Given information section start

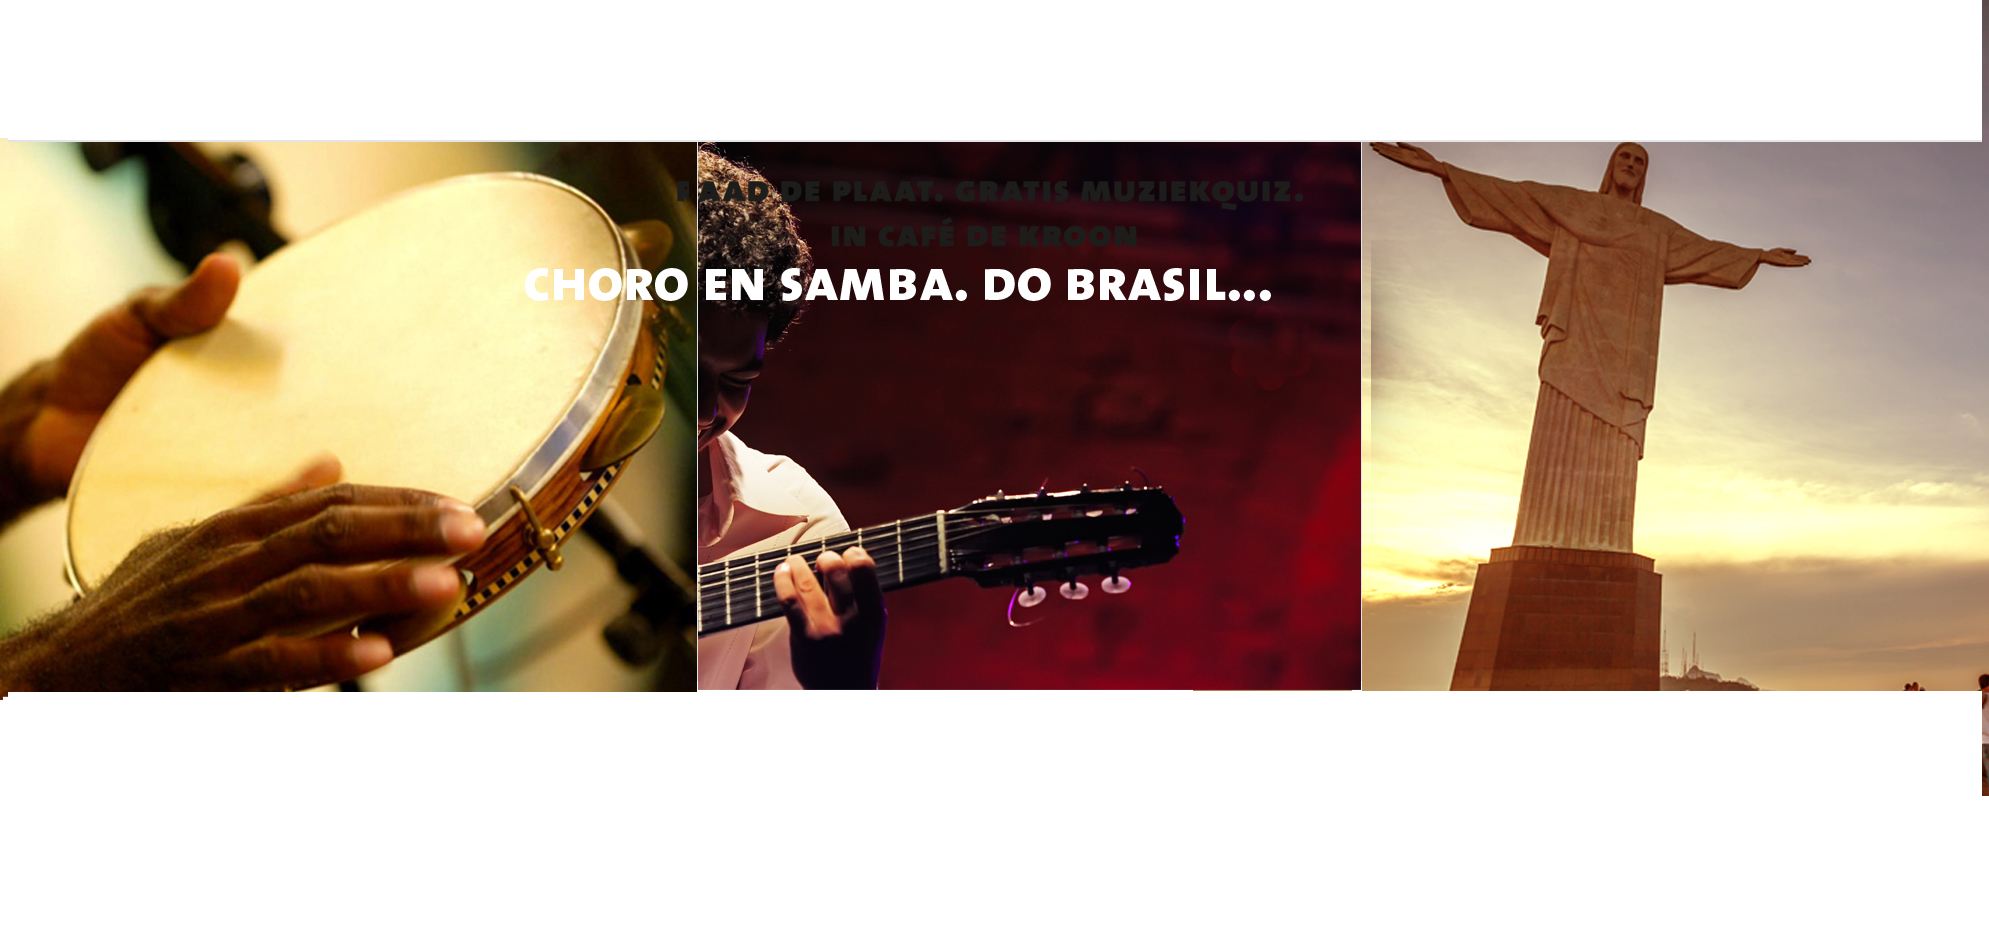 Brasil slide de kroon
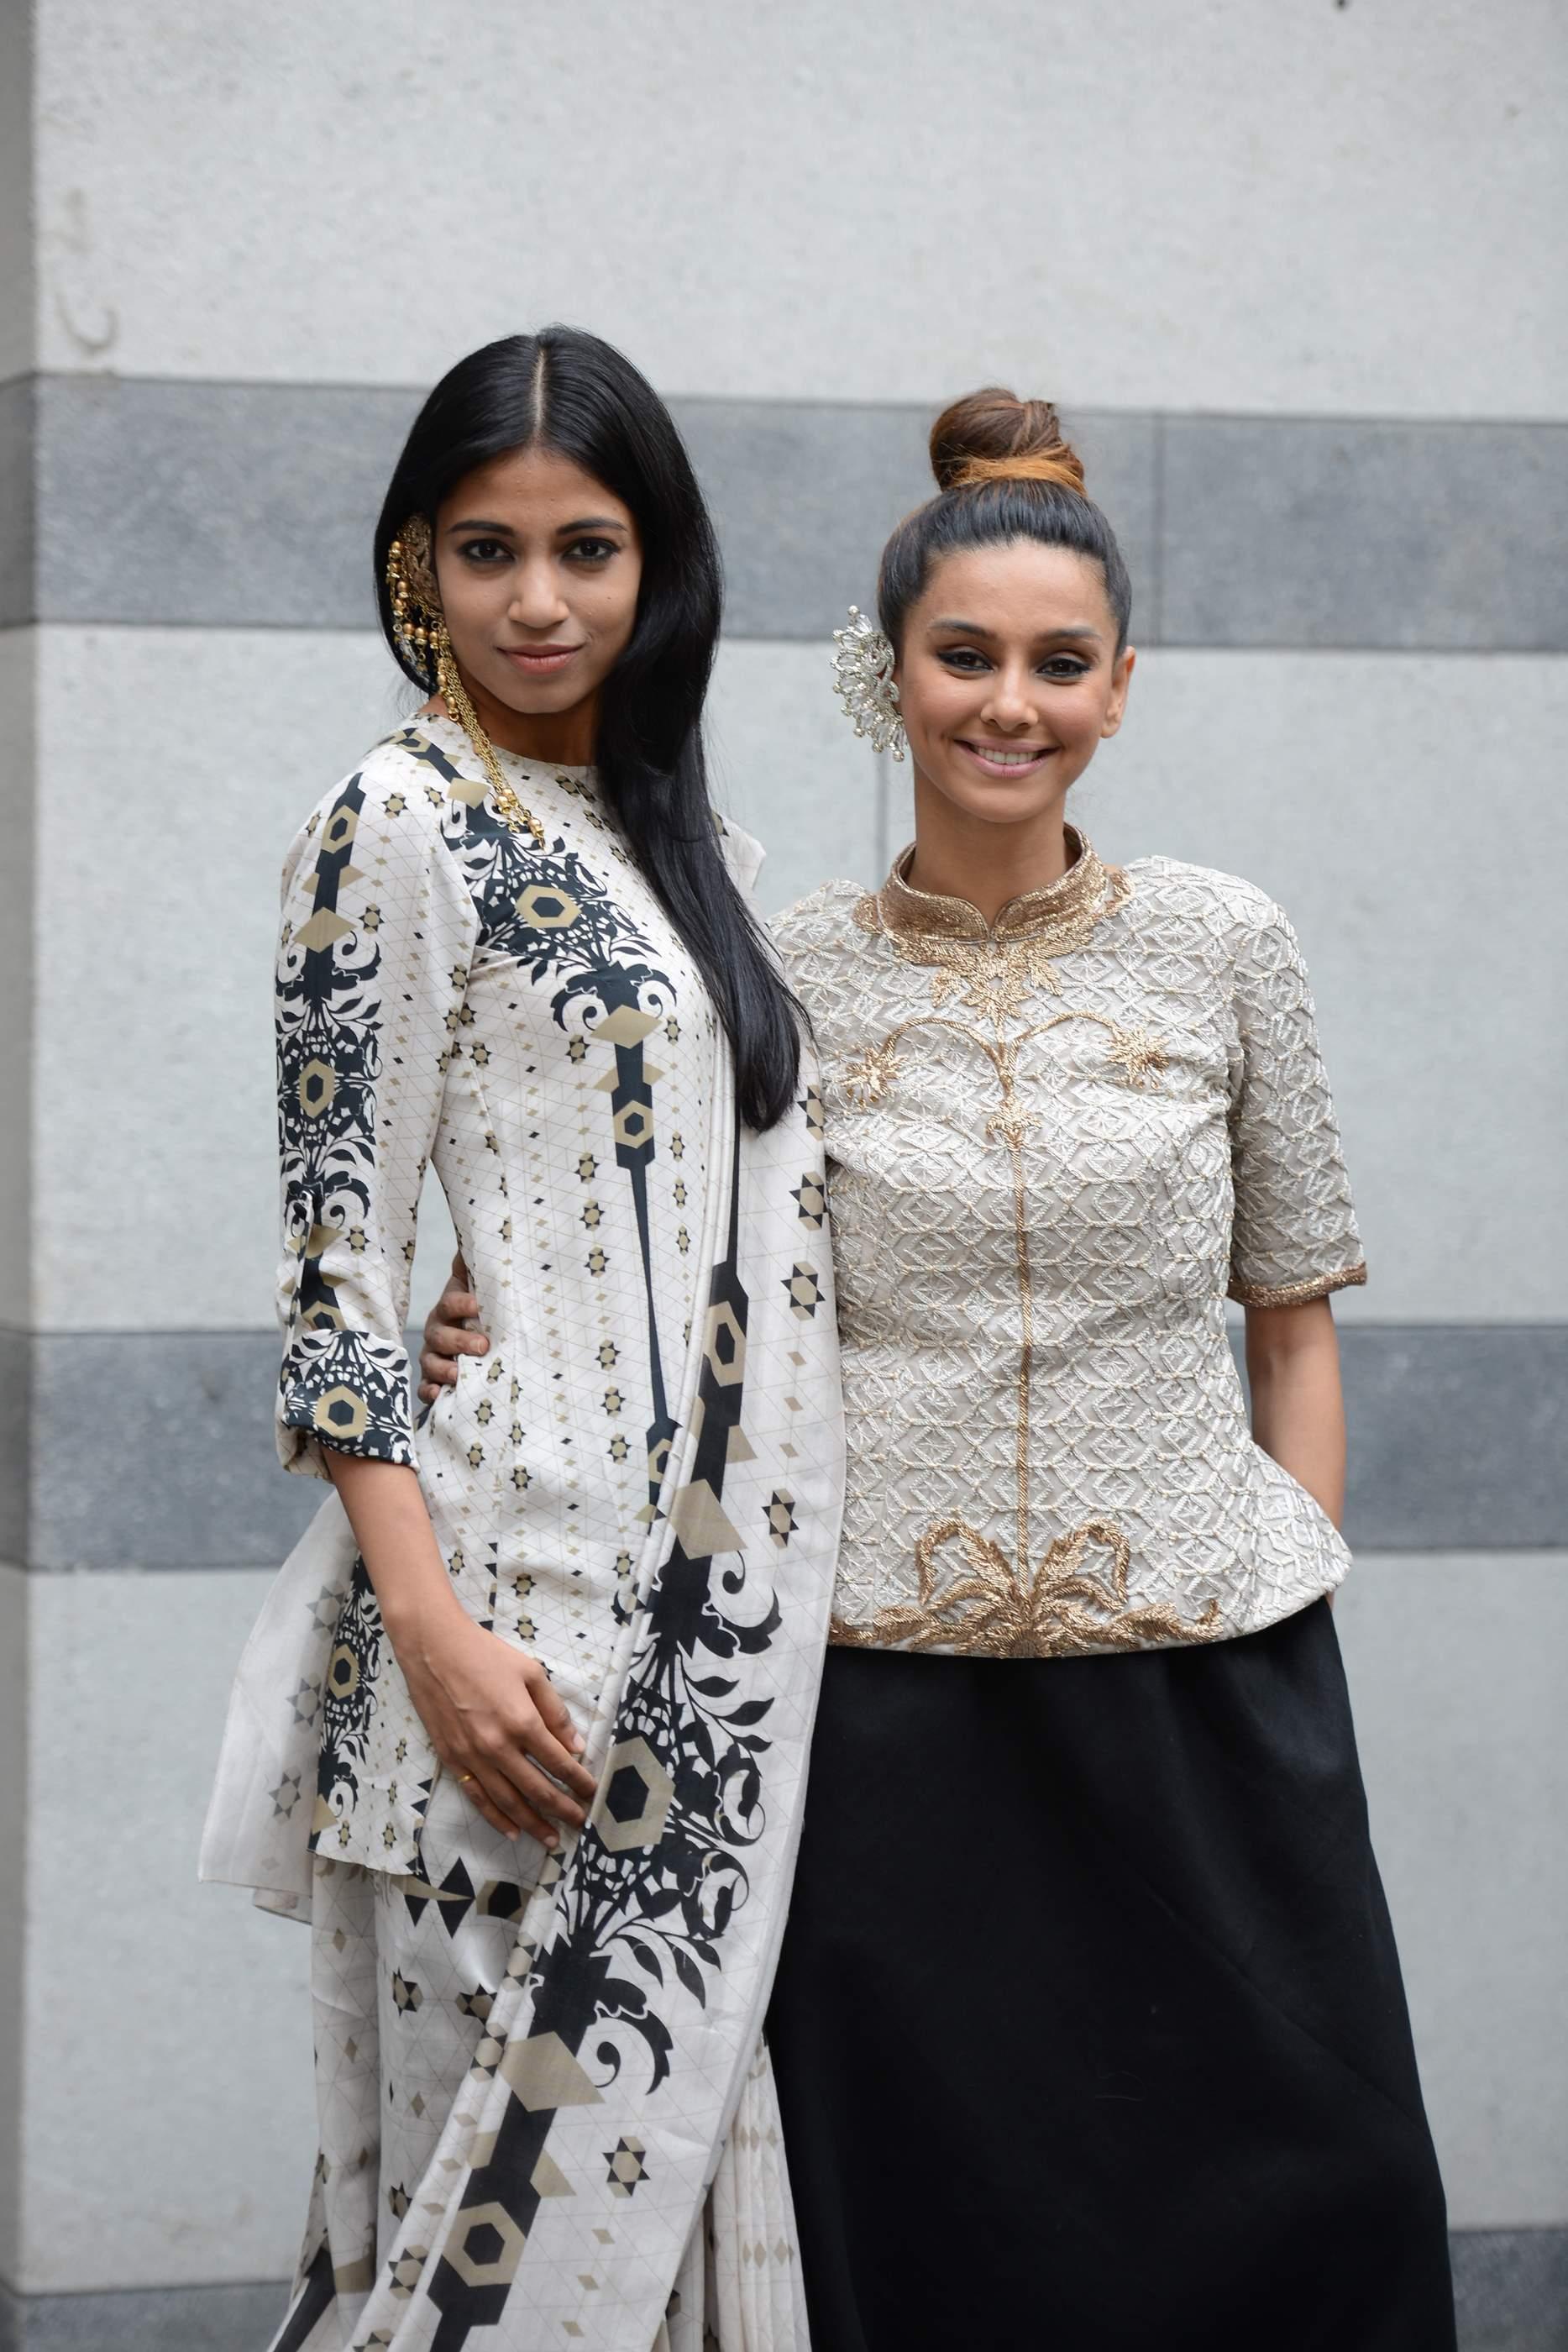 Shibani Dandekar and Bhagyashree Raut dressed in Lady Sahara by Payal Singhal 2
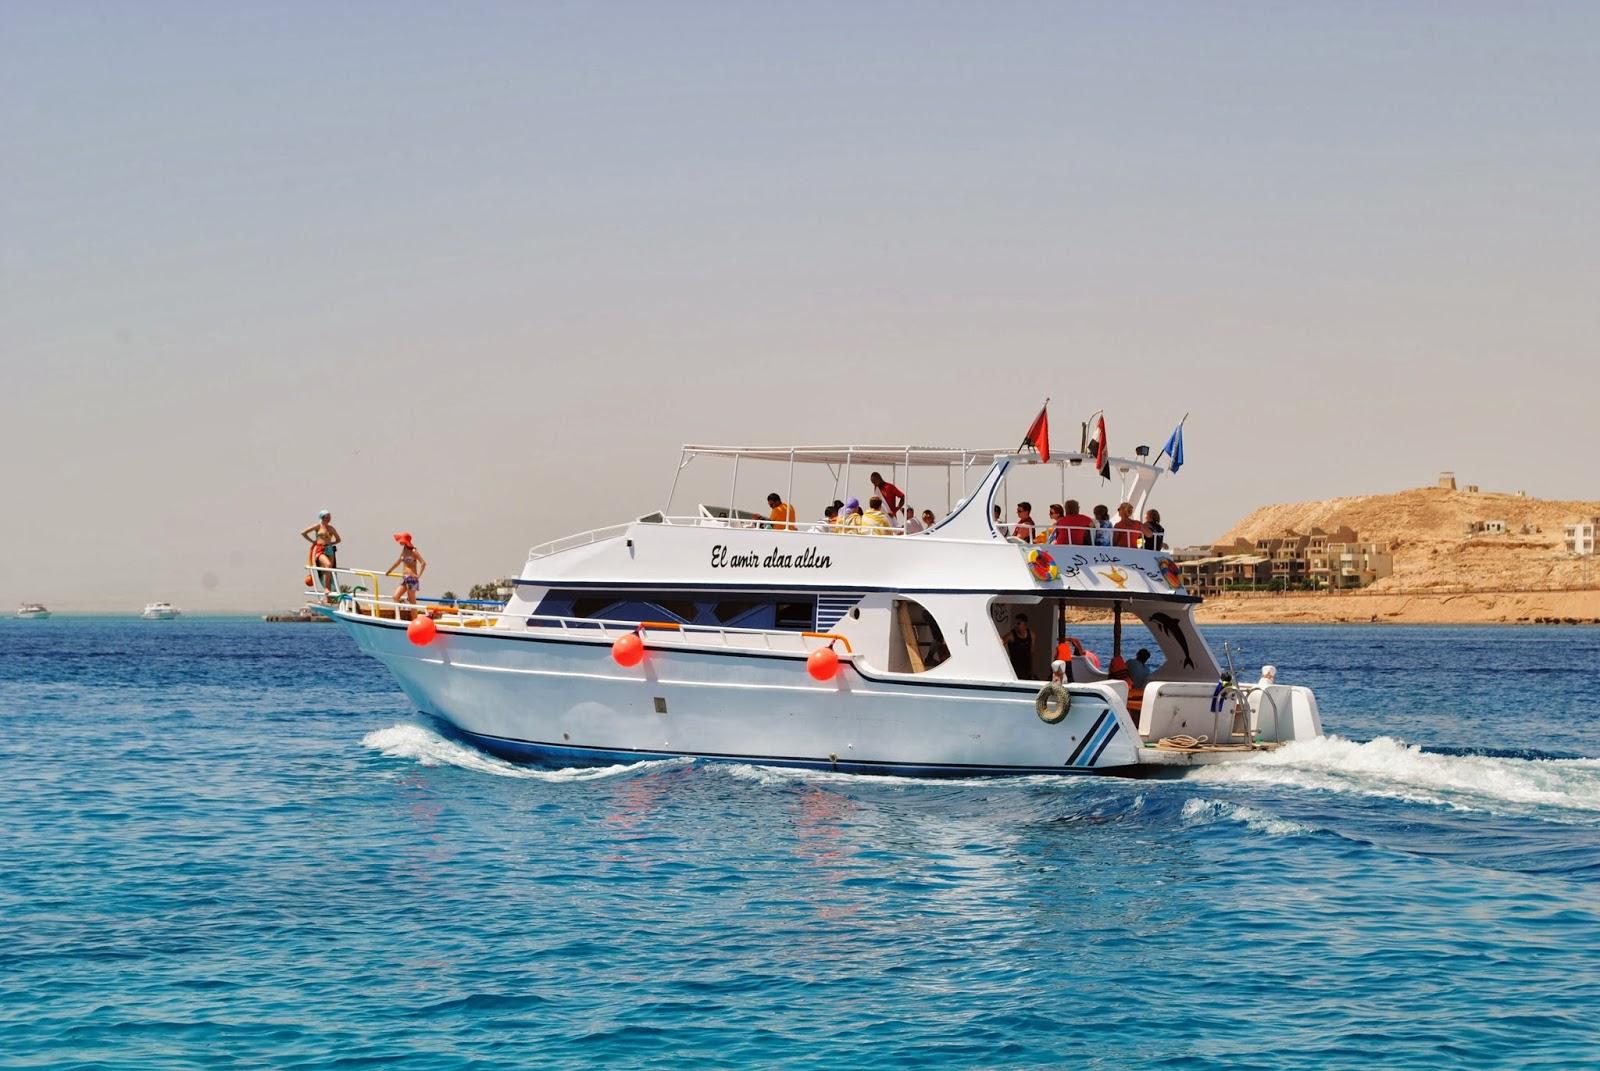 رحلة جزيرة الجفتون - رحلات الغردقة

Given information section end

- [What is being asked] The listing above is to be retyped word for word, with the pictures omitted.

- [Response]
 Brasil slide de kroon
 Shibani Dandekar and Bhagyashree Raut dressed in Lady Sahara by Payal Singhal 2
 رحلة جزيرة الجفتون - رحلات الغردقة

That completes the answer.